On 23.06.22 19:26, Saravana Kannan wrote:
> On Thu, Jun 23, 2022 at 3:05 AM sascha hauer <sha@pengutronix.de> wrote:
>>
>> On Thu, Jun 23, 2022 at 01:03:43AM -0700, Saravana Kannan wrote:
>>> Commit 71066545b48e ("driver core: Set fw_devlink.strict=1 by default")
>>> enabled iommus and dmas dependency enforcement by default. On some
>>> systems, this caused the console device's probe to get delayed until the
>>> deferred_probe_timeout expires.
>>>
>>> We need consoles to work as soon as possible, so mark the console device
>>> node with FWNODE_FLAG_BEST_EFFORT so that fw_delink knows not to delay
>>> the probe of the console device for suppliers without drivers. The
>>> driver can then make the decision on where it can probe without those
>>> suppliers or defer its probe.
>>>
>>> Fixes: 71066545b48e ("driver core: Set fw_devlink.strict=1 by default")

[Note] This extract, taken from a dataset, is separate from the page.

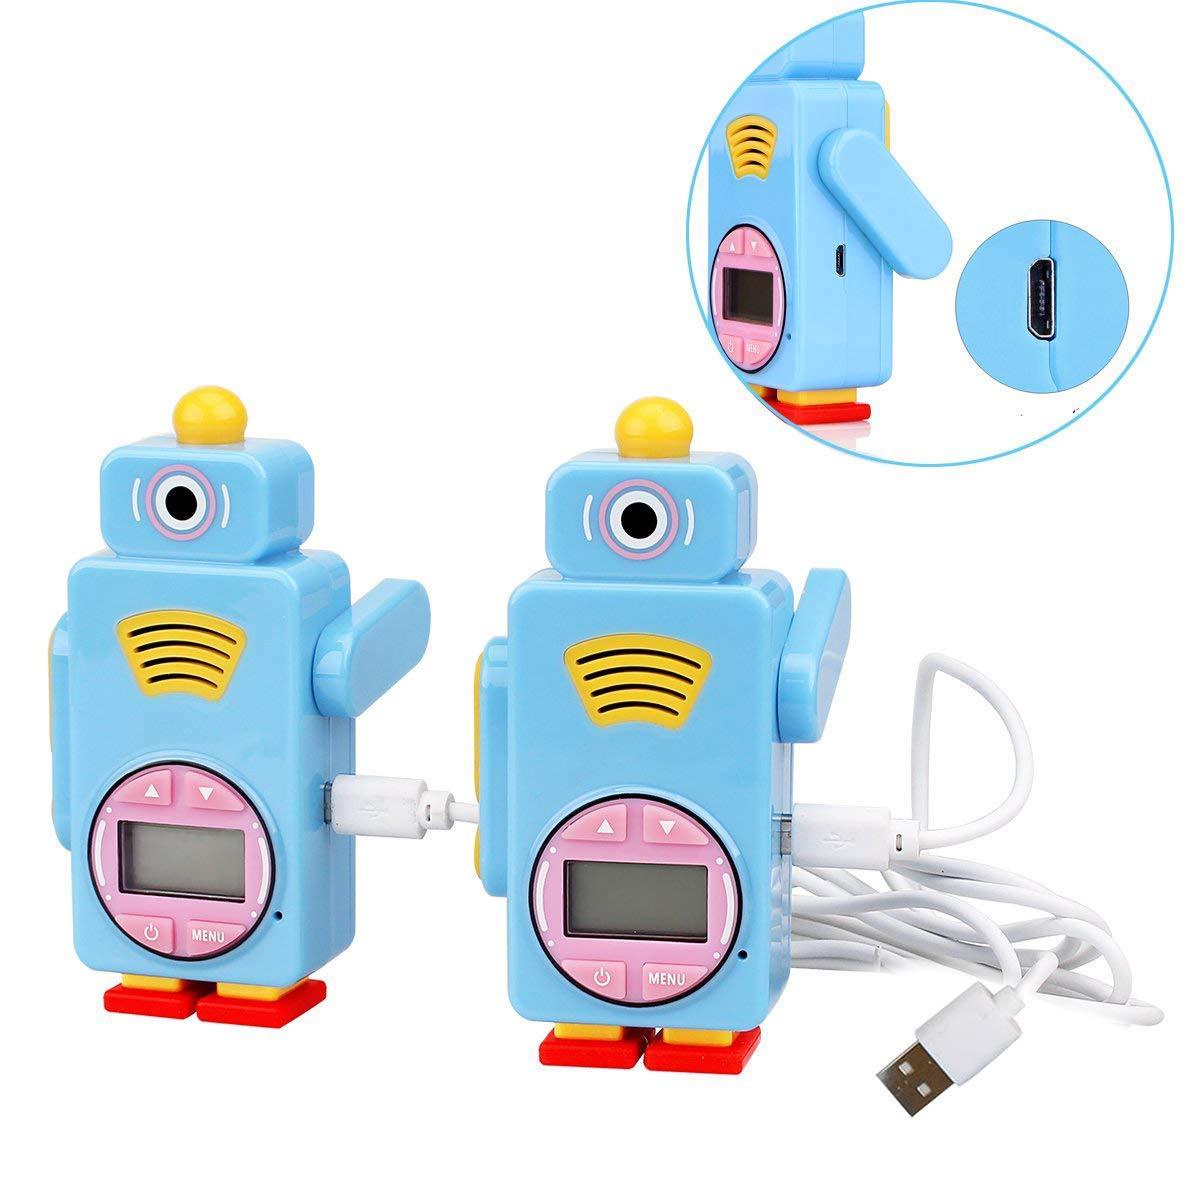 Retevis RT36 Kids Walkie Talkies Rechargeable Battery USB Charging Flashlight Long Range Crystal Sound License Free Walkie Talkies for Kids (Blue,2 Pack) by Retevis (Image #5)

>>> Reported-by: Sascha Hauer <sha@pengutronix.de>
>>> Reported-by: Peng Fan <peng.fan@nxp.com>
>>> Signed-off-by: Saravana Kannan <saravanak@google.com>
>>> Tested-by: Peng Fan <peng.fan@nxp.com>
>>> ---
>>>  drivers/of/base.c | 2 ++
>>>  1 file changed, 2 insertions(+)
>>>
>>> diff --git a/drivers/of/base.c b/drivers/of/base.c
>>> index d4f98c8469ed..a19cd0c73644 100644
>>> --- a/drivers/of/base.c
>>> +++ b/drivers/of/base.c
>>> @@ -1919,6 +1919,8 @@ void of_alias_scan(void * (*dt_alloc)(u64 size, u64 align))

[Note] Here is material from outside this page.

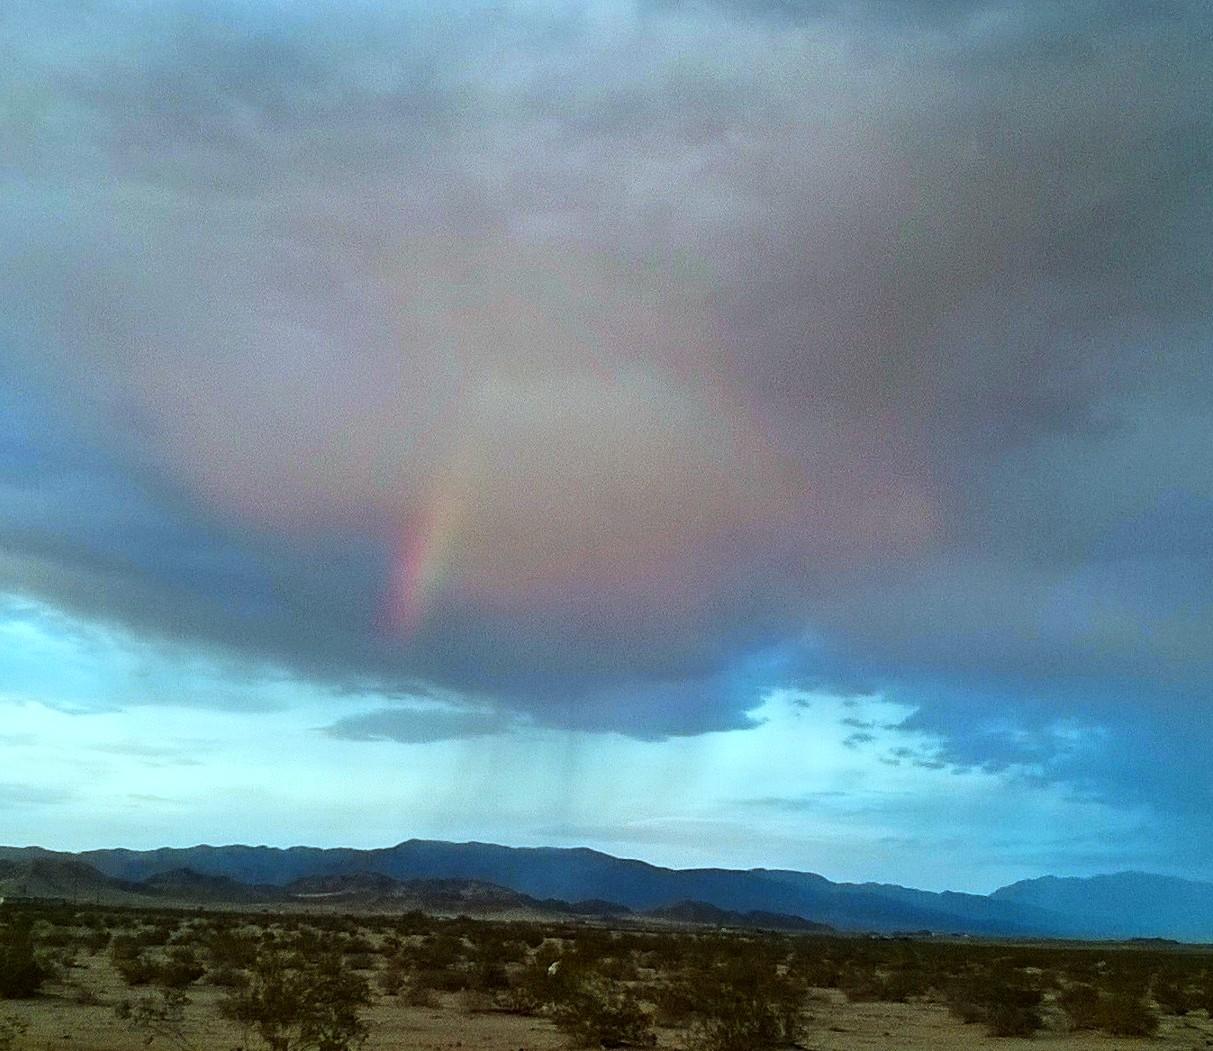 A rainbow at sunset...amazing!

>>>                       of_property_read_string(of_aliases, "stdout", &name);
>>>               if (name)
>>>                       of_stdout = of_find_node_opts_by_path(name, &of_stdout_options);
>>> +             if (of_stdout)
>>> +                     of_stdout->fwnode.flags |= FWNODE_FLAG_BEST_EFFORT;
>>
>> The device given in the stdout-path property doesn't necessarily have to
>> be consistent with the console= parameter. The former is usually
>> statically set in the device trees contained in the kernel while the
>> latter is dynamically set by the bootloader. So if you change the
>> console uart in the bootloader then you'll still run into this trap.
>>
>> It's problematic to consult only the device tree for dependencies. I
>> found several examples of drivers in the tree for which dma support
>> is optional. They use it if they can, but continue without it when
>> not available. "hwlock" is another property which consider several
>> drivers as optional. Also consider SoCs in early upstreaming phases
>> when the device tree is merged with "dmas" or "hwlock" properties,
>> but the corresponding drivers are not yet upstreamed. It's not nice
>> to defer probing of all these devices for a long time.
>>
>> I wonder if it wouldn't be a better approach to just probe all devices
>> and record the device(node) they are waiting on. Then you know that you
>> don't need to probe them again until the device they are waiting for
>> is available.
> 
> That actually breaks things in a worse sense. There are cases where
> the consumer driver is built in and the optional supplier driver is
> loaded at boot. Without fw_devlink and the deferred probe timeout, we
> end up probing the consumer with limited functionality. With the
> current setup, sure we delay some probes a bit but at least everything
> works with the right functionality. And you can reduce or remove the
> delay if you want to optimize it.

I have a system that doesn't use stdout-path and has the bootloader
set console= either to ttynull when secure booting or to an UART
when booting normally. How would I optimize the kernel to avoid
my UART being loaded after DMA controller probe without touching
the bootloader?

Cheers,
Ahmad

> 
> -Saravana
> 
>
Saravana Kannan June 23, 2022, 6:17 p.m. UTC | #7
On Thu, Jun 23, 2022 at 10:36 AM Ahmad Fatoum <a.fatoum@pengutronix.de> wrote:
>
> Hello Saravana,
>
> On 23.06.22 19:26, Saravana Kannan wrote:
> > On Thu, Jun 23, 2022 at 3:05 AM sascha hauer <sha@pengutronix.de> wrote:
> >>
> >> On Thu, Jun 23, 2022 at 01:03:43AM -0700, Saravana Kannan wrote:
> >>> Commit 71066545b48e ("driver core: Set fw_devlink.strict=1 by default")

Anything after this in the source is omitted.